Dilated cardiomyopathy (DCM) is a severe disease of heart muscle characterized by progressive ventricular dilation and impaired systolic function and is a major cause of congestive heart failure. Mutations of the Lamin A/C gene (LMNA) have been identified in ~8% of all DCM patients. Of the subset of inherited DCM patients with accompanying conduction disease, LMNA mutations are present in 40-50% of cases.
Emery-Dreifuss Muscular Dystrophy (EDMD) is characterized by early contractures of the elbows and Achilles tendons, slowly progressive muscle wasting and weakness, and late onset cardiomyopathy and arrhythmia. EDMD can be either X-linked or autosomal dominant in inheritance, and the vast majority of autosomal dominant cases are due to mutations in the LMNA gene.
One form of Limb Girdle Muscular Dystrophies (LGMD), LGMD1B is autosomal dominant with slowly progressive limb girdle muscular dystrophy, age-related atrioventricular cardiac conduction disturbances, and the absence of early contractures. Mutations of the LMNA gene are the basis of LGMD1B.
Hutchinson-Gilford progeria syndrome (HGPS) is a rare genetic disorder that causes clinical features in childhood that are associated with premature aging. Such features may include hair loss, growth retardation, joint degeneration, and atherosclerosis. A vast majority of patients with HGPS have a LMNA G608G mutation, but other mutations in LMNA have been reported.

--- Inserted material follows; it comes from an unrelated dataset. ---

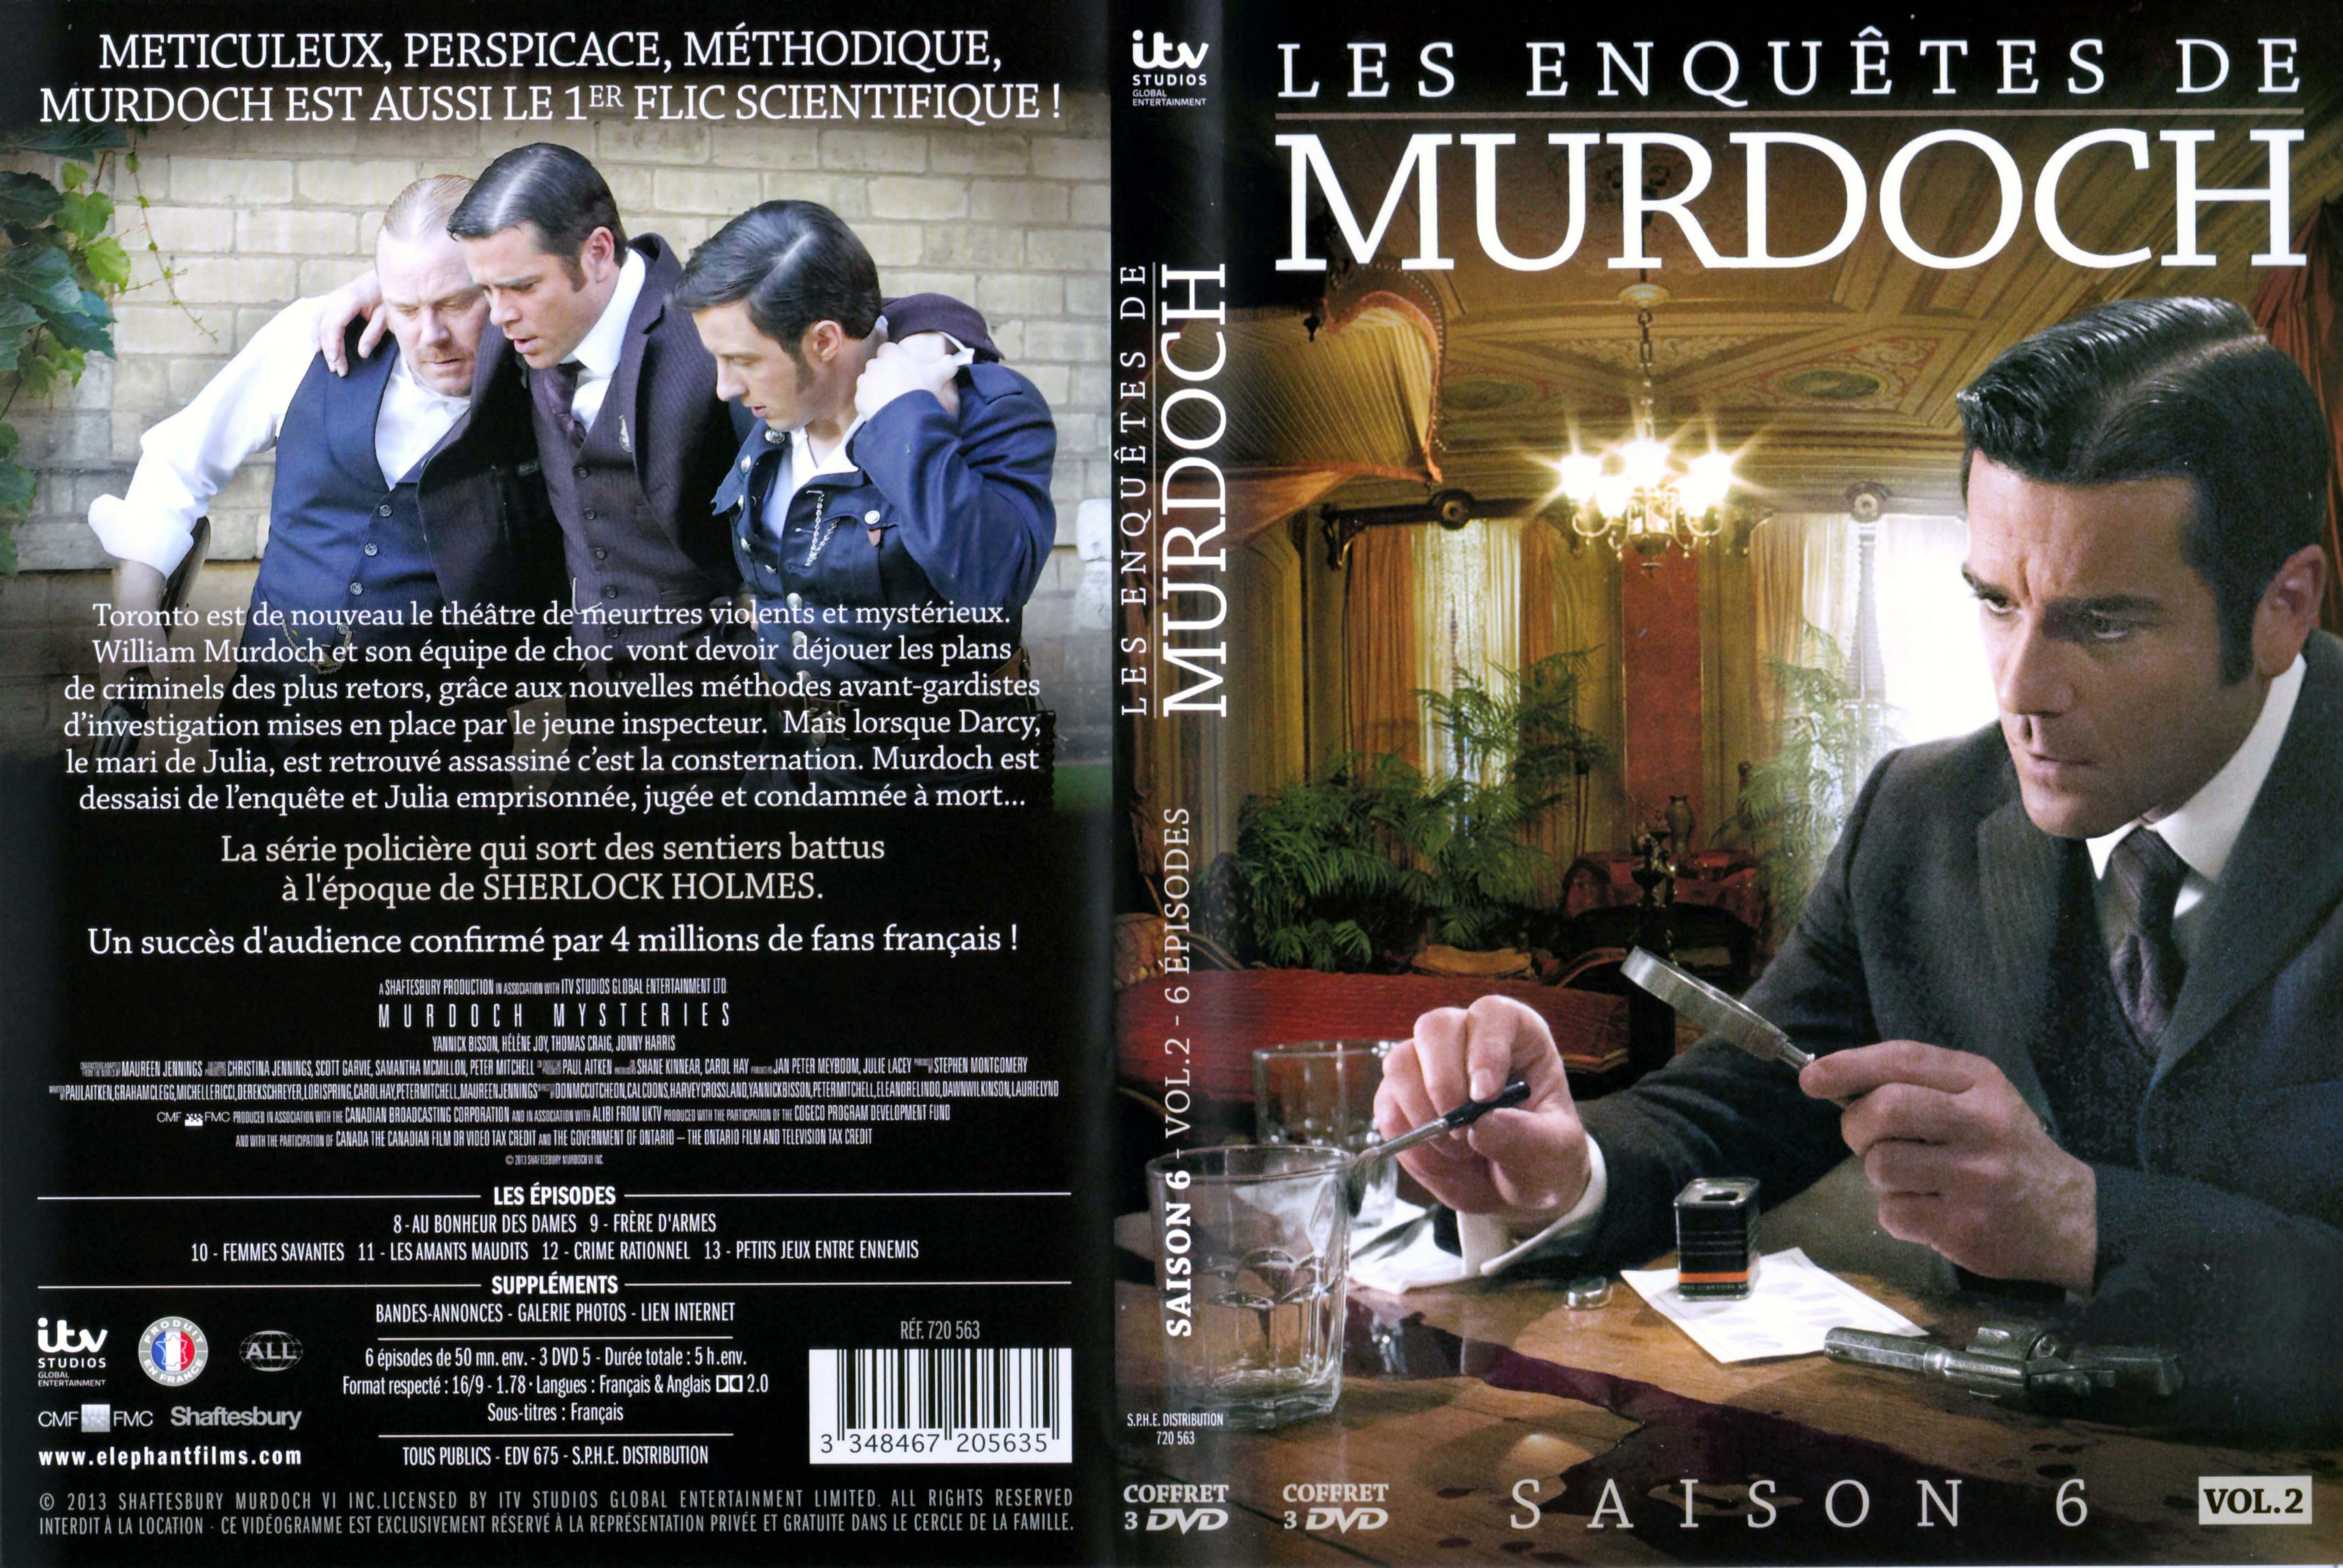 Jaquette DVD Les enqutes de Murdoch Saison 6 Vol 2

Mandibuloacral dysplasia (MAD) is a rare autosomal recessive disorder caused by LMNA mutations, which results in post-natal growth retardation, craniofacial and skeletal anomalies, and mottled cutaneous pigmentation.
Charcot-Marie-Tooth type 2B1 is an axonal autosomal recessive laminopathy and neuropathy, characterized predominantly by symmetrical distal muscle weakness and atrophy. Individuals initially present with depressed or absent tendon reflexes with weakness of foot dorsiflexion at the ankle.
Familial partial lipodystrophy (FLPD), Dunnigan type, is an autosomal dominant disease caused by mutations in LMNA and characterized by the progressive loss of subcutaneous fat from the extremities.
Deletions and/or duplications of the LMNA gene as causative of disease have been reported.